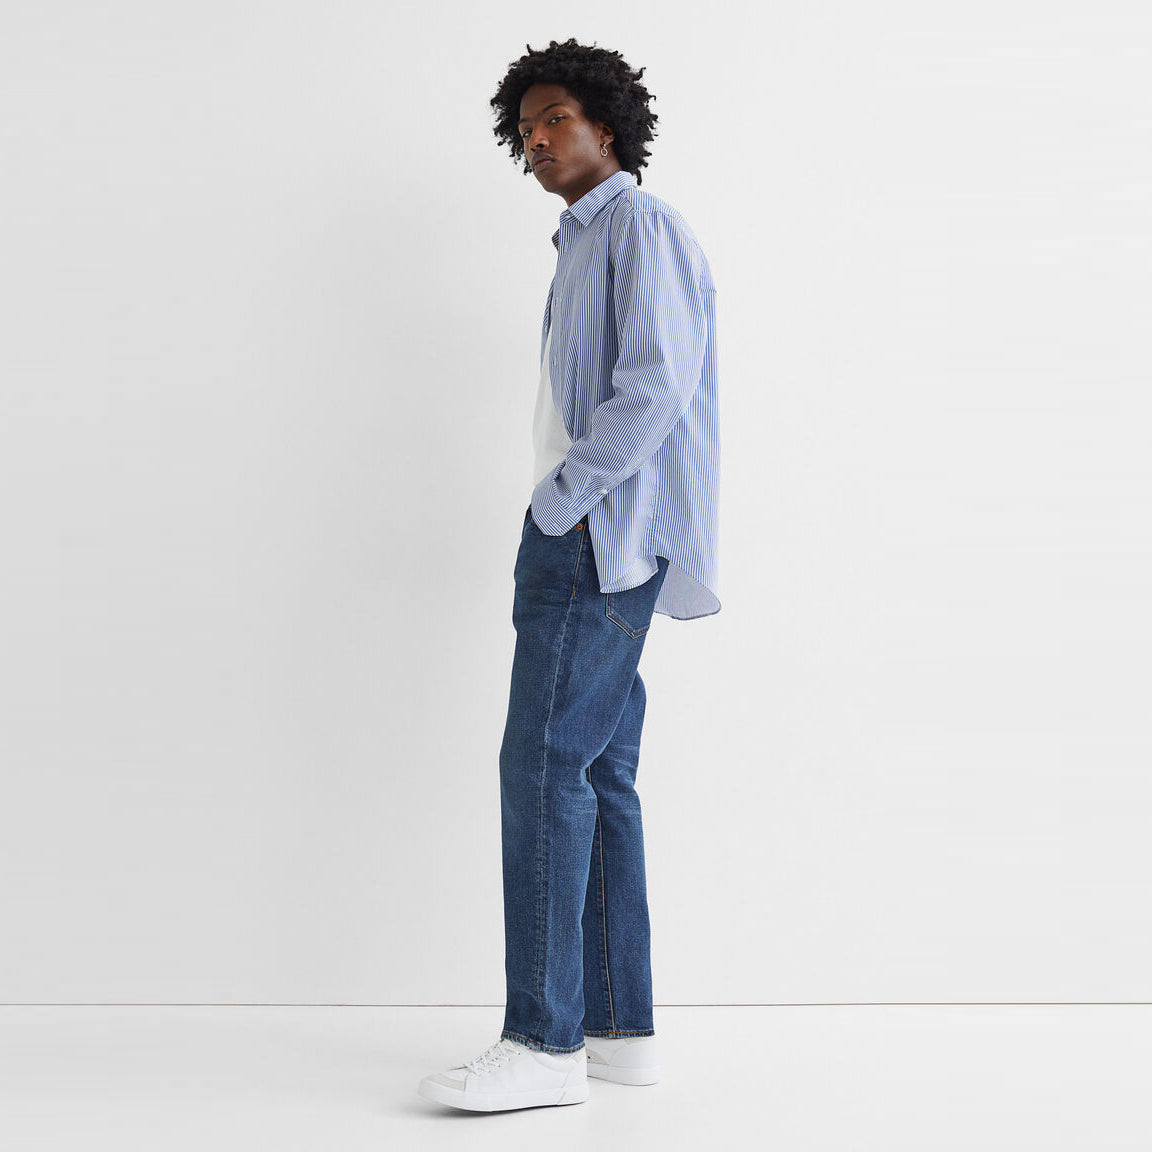 Celana Jeans Pria Denim Tersedia 3 Warna [HMJM 01]
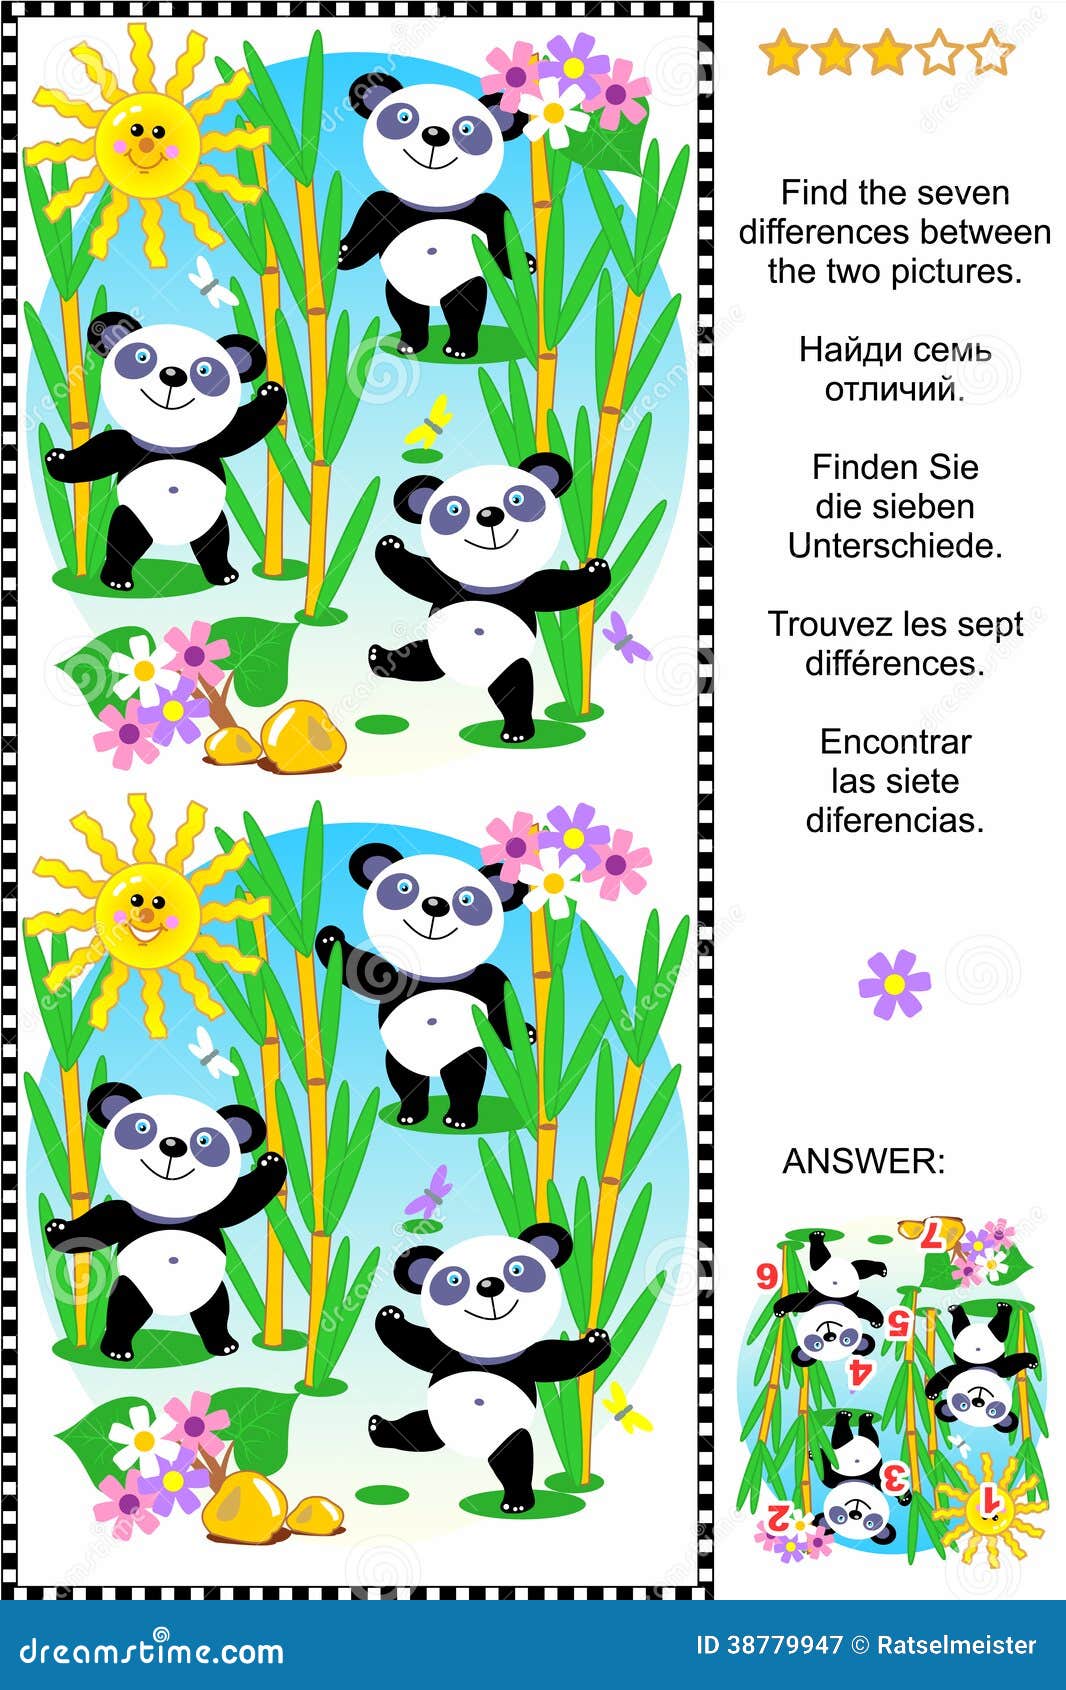 Βρείτε τον οπτικό γρίφο διαφορών - το panda αντέχει. Γρίφος εικόνων: Βρείτε ότι οι επτά διαφορές μεταξύ των δύο εικόνων του χαριτωμένου panda αντέχουν στο δάσος μπαμπού (συν το ίδιο κείμενο στόχου στα ρωσικά, γερμανικά, γαλλικά και ισπανικά). Απάντηση συμπεριλαμβανόμενη.
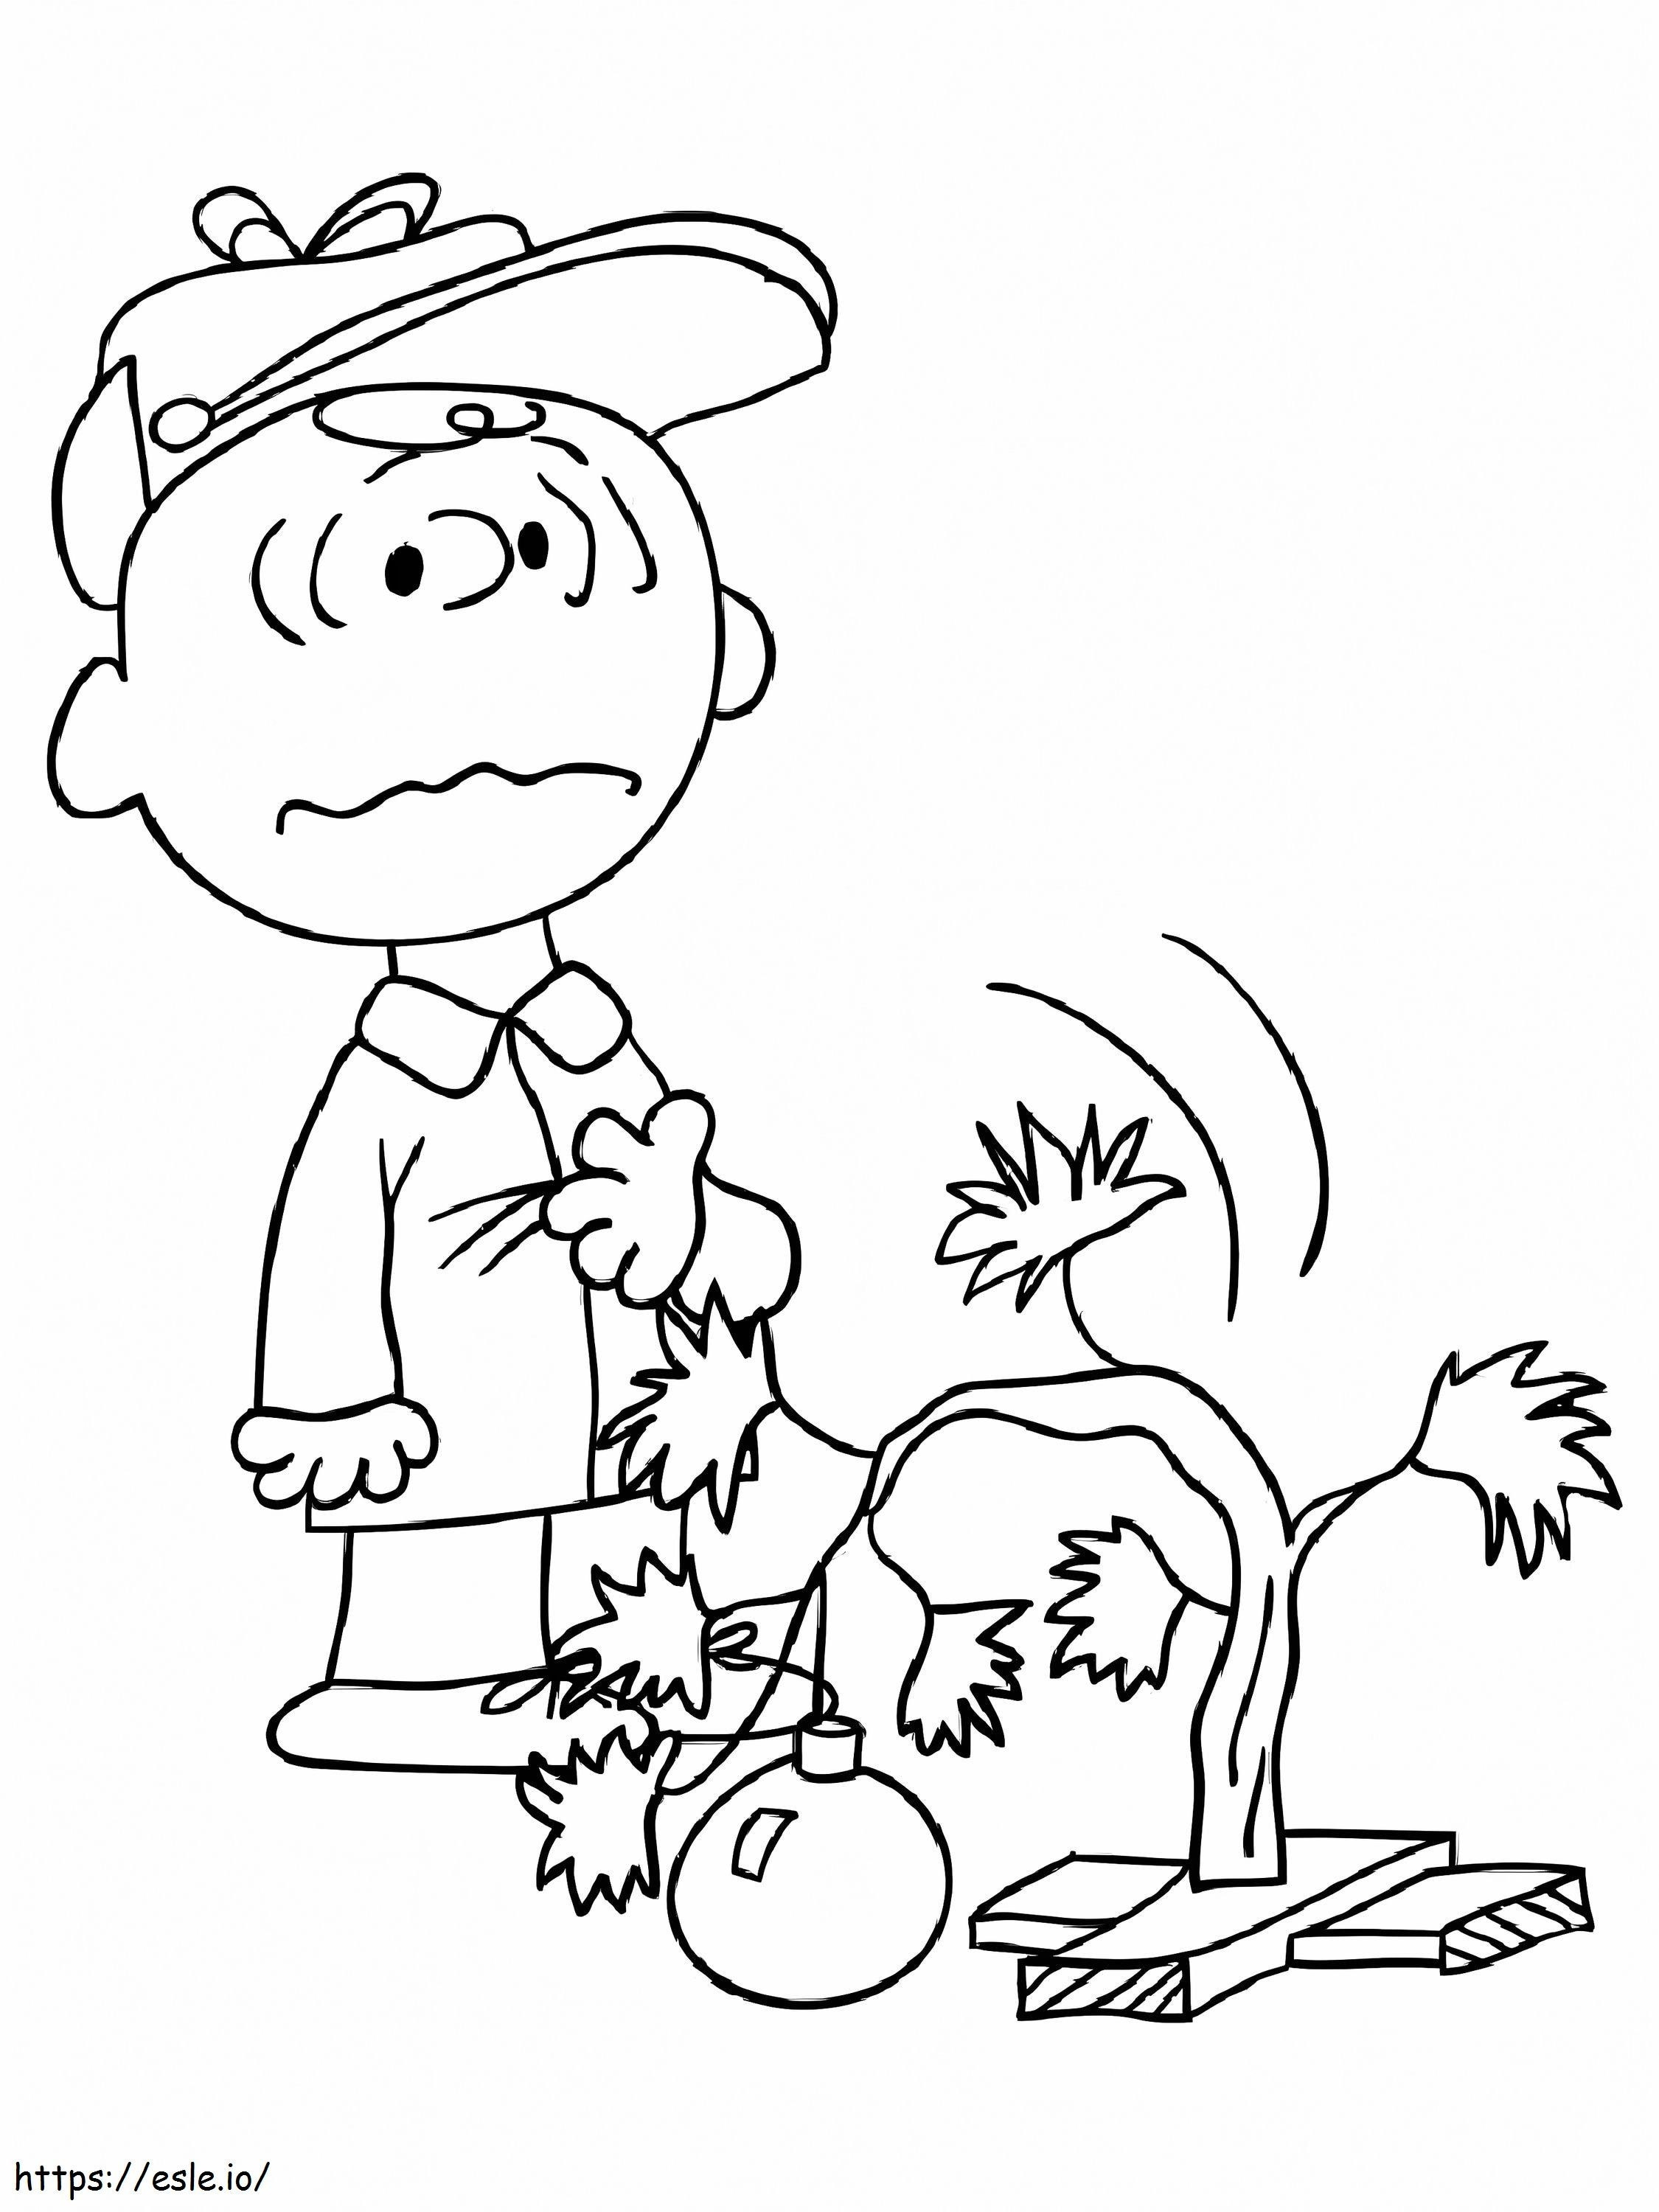 Trist Charlie Brown de colorat

* * * * * * *

**Work item**
An exact repetition of the listing is needed, with the pictures dropped.

**Solution to this task**
 Celana Jeans Pria Denim Tersedia 3 Warna [HMJM 01]
 Βρείτε τον οπτικό γρίφο διαφορών - το panda αντέχει. Γρίφος εικόνων: Βρείτε ότι οι επτά διαφορές μεταξύ των δύο εικόνων του χαριτωμένου panda αντέχουν στο δάσος μπαμπού (συν το ίδιο κείμενο στόχου στα ρωσικά, γερμανικά, γαλλικά και ισπανικά). Απάντηση συμπεριλαμβανόμενη.
 Trist Charlie Brown de colorat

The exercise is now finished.